Theory of tangents and normals of an ellipse

Question

What are the number of distinct normals that can be drawn to an ellipse from a point inside ,on and outside an ellipse?

Answer 1

WLOG we can assume the equation of the ellipse to be $$\frac{x^2}{a^2}+\frac{y^2}{b^2}=1\ \ \ \ (1)$$ whose any point can be written as $(a\cos t,b\sin t)$

So, the gradient of the line passing through $(h,k)$ and $(a\cos t,b\sin t)$ is $\dfrac{k-b\sin t}{h-a\cos t}\ \ \ \ (2)$

The gradient of the tangent of $(1)$ at $(a\cos t,b\sin t)$ is $-\dfrac{b\cos t}{a\sin t}$

The gradient of the normal of $(1)$ at $(a\cos t,b\sin t)$ is $\dfrac{a\sin t}{b\cos t}\ \ \ \ (3)$

Equating $(2),(3);$

$\dfrac{k-b\sin t}{h-a\cos t}=\dfrac{a\sin t}{b\cos t}$

$\implies\dfrac{k-b\sin t}{a\sin t}=\dfrac{h-a\cos t}{b\cos t}=\lambda$(say)

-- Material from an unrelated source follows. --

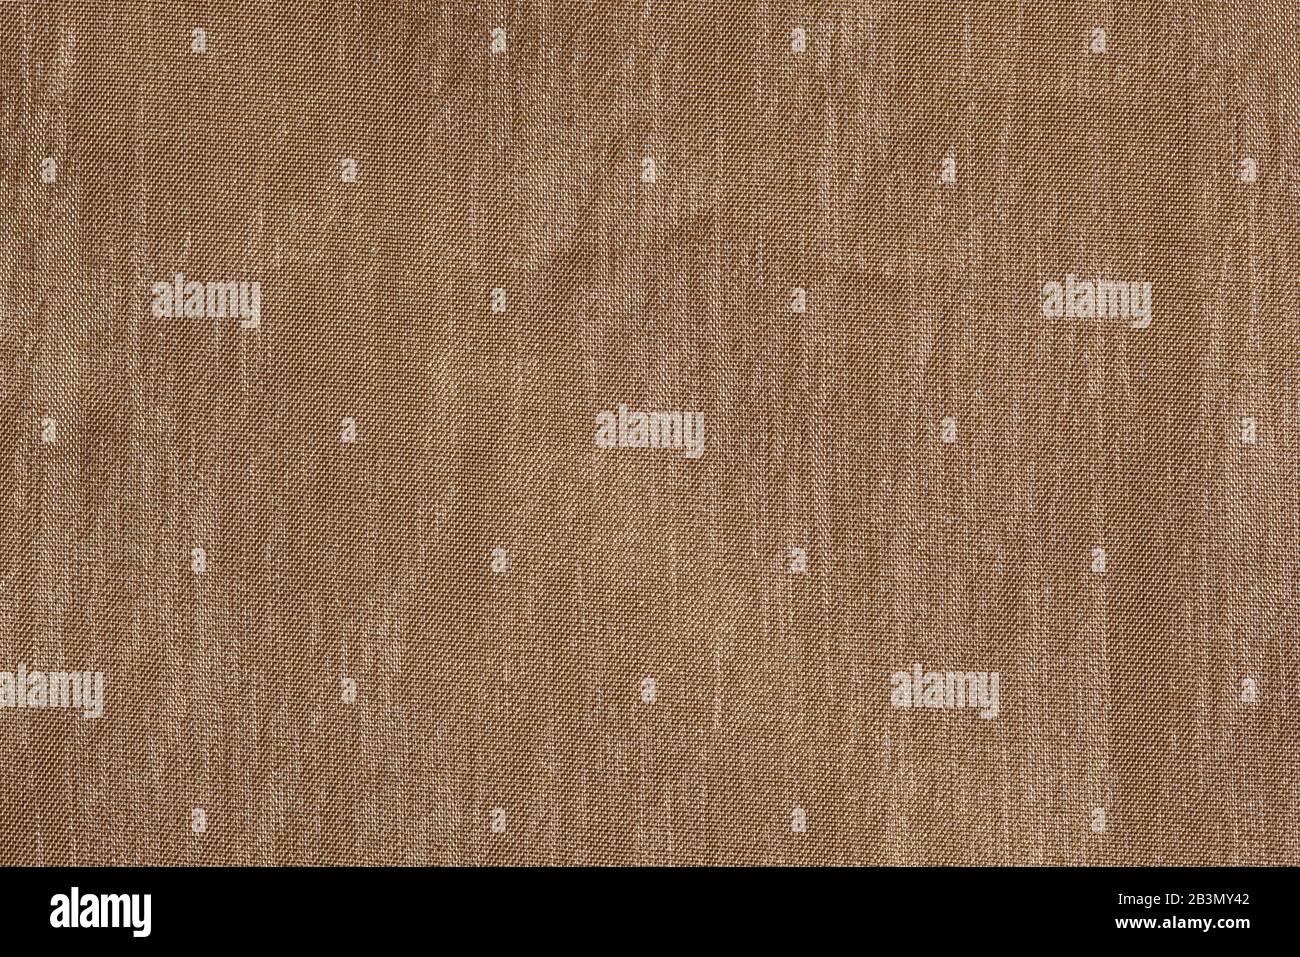 High resolution brown fabric texture background Stock Photo

$\implies\sin t=\dfrac k{a\lambda+b},\cos t=\dfrac h{a+b\lambda}$

$\implies\left(\dfrac k{a\lambda+b}\right)^2+\left(\dfrac h{a+b\lambda}\right)^2=1$

On rearrangement, this gives a biquadratic Equation in $\lambda$

So, four normals can be drawn from a given point $(h,k)$ to $(1)$